With #2, our new champion began a meteoric rise in quality and innovative storytelling. ‘Duel to the Death with the Vulture!’ catches Parker chasing a flying thief as much for profit as justice. Desperate to help his aunt make ends meet, Spider-Man starts taking photos of his cases to sell to Jameson’s Daily Bugle, making the gadfly his sole means of support.

Matching his deft comedy and moody soap-operatic melodrama, Ditko’s action sequences were imaginative and magnificently visceral, with odd angle shots and quirky, mis-balanced poses adding a vertiginous sense of unease to fight scenes. But crime wasn’t the only threat to the world and Spider-Man was just as (un)comfortable battling “aliens” in ‘The Uncanny Threat of the Terrible Tinkerer!’

Amazing Spider-Man #3 introduced possibly the apprentice hero’s greatest enemy in ‘Versus Doctor Octopus’: a full-length saga wherein a dedicated scientist survives an atomic accident only to find his self-designed mechanical tentacles have permanently grafted to his body. Power-mad, Otto Octavius initially thrashes Spider-Man, sending the lad into a depression until an impromptu pep-talk from Human Torch Johnny Storm galvanises Spider-Man to one of his greatest victories. Rounding out the tense drama is a stunning ‘Special Surprise Bonus Spider-Man Pin-up Page!’…

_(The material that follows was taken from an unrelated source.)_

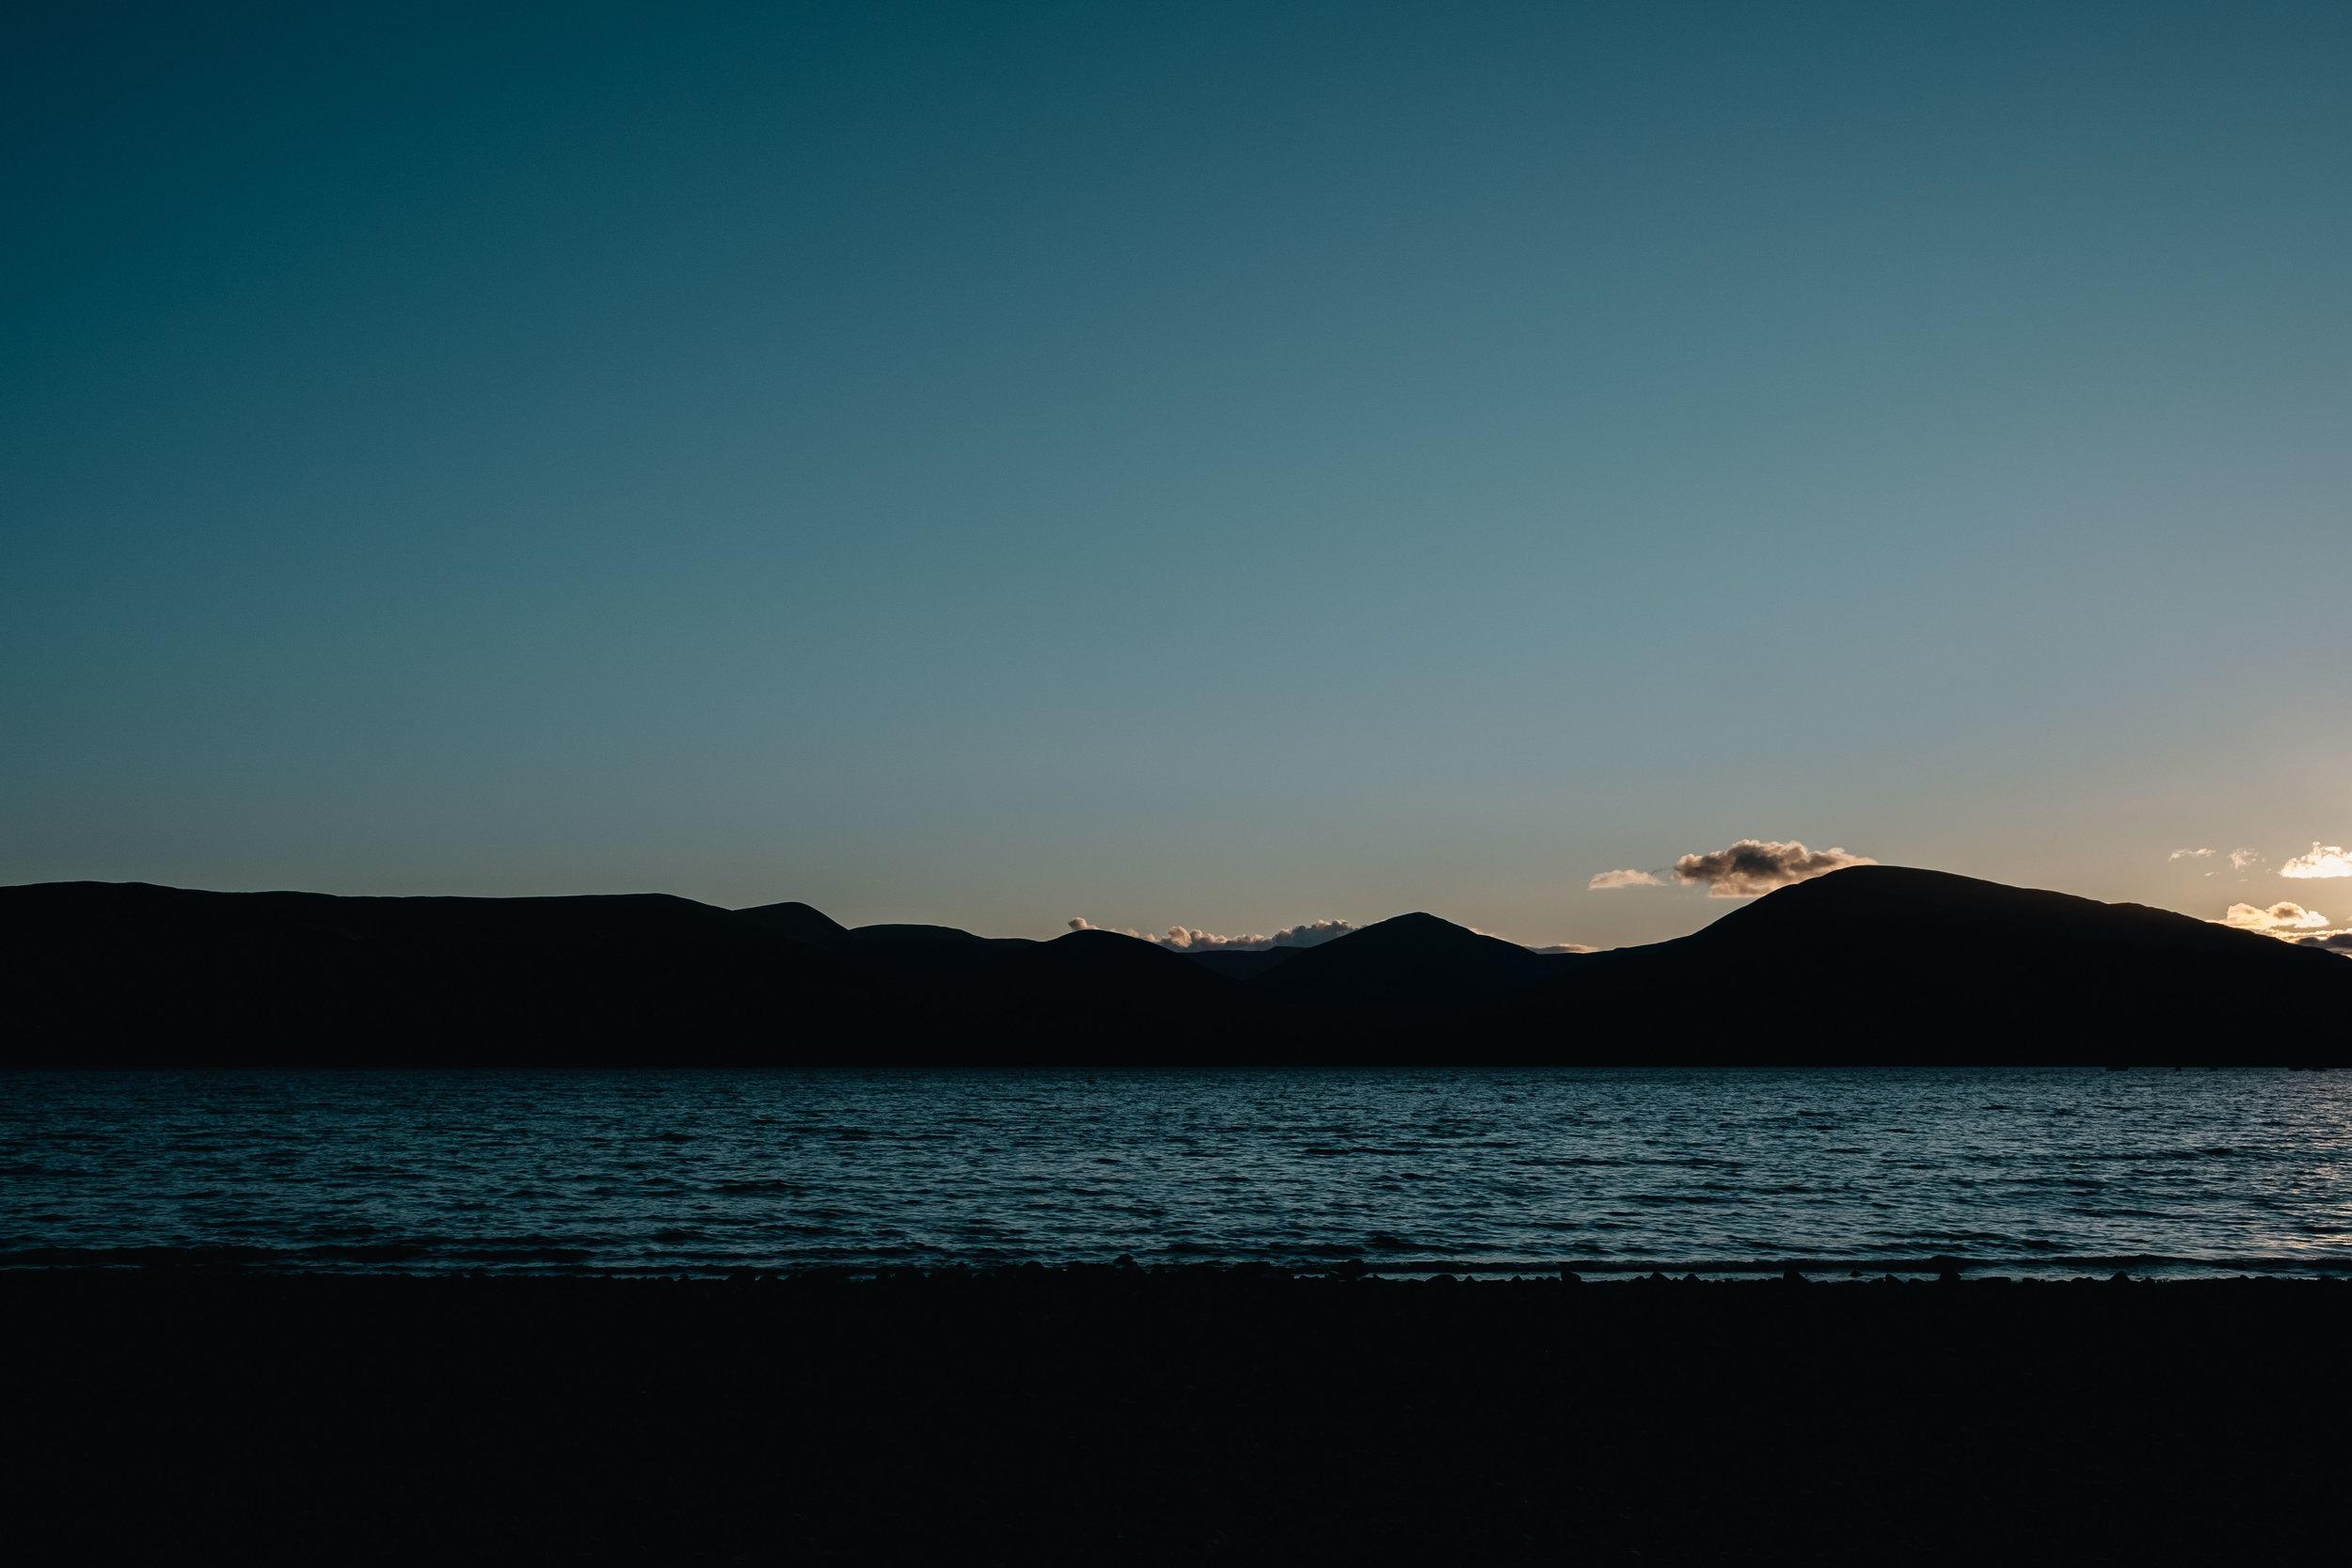 a dusky sunset scene

‘Nothing Can Stop… the Sandman!’ was another instant classic wherein a common thug who gains the power to transform to sand – another pesky nuclear snafu – invades Parker’s school, and must be stopped at all costs, whilst #5 finds the webspinner ‘Marked for Destruction by Dr. Doom!’ – not so much winning as surviving his battle against the deadliest man on Earth.

Presumably he didn’t mind too much, as this marked the series’ transition from bi-monthly to monthly status. Here Parker’s social nemesis, jock bully Flash Thompson, first displays depths beyond the usual in contemporary comic books, beginning one of the most enduring love/hate buddy relationships in popular literature…

Sometime mentor Dr. Curtis Connors debuts in #6 when Spidey comes ‘Face-to-face with… The Lizard!’ with the wallcrawler fighting far from the concrete canyons and comfort zone of New York – specifically in the murky Florida Everglades. Parker was back in the Big Apple for #7 to breathtakingly tackle ‘The Return of the Vulture’ in a full-length masterpiece.

Fun and puckish hi-jinks were a signature feature of the series, as was Parker’s budding romance with “older woman” Betty Brant – Jameson’s secretary/PA at the Daily Bugle. Youthful exuberance was the underlying drive in #8′s lead tale‘The Living Brain!’ wherein an ambulatory robot calculator threatens to expose Spider-Man’s secret identity before running amok at beleaguered Midtown High, just as Parker is finally beating the stuffings out of school bully Flash.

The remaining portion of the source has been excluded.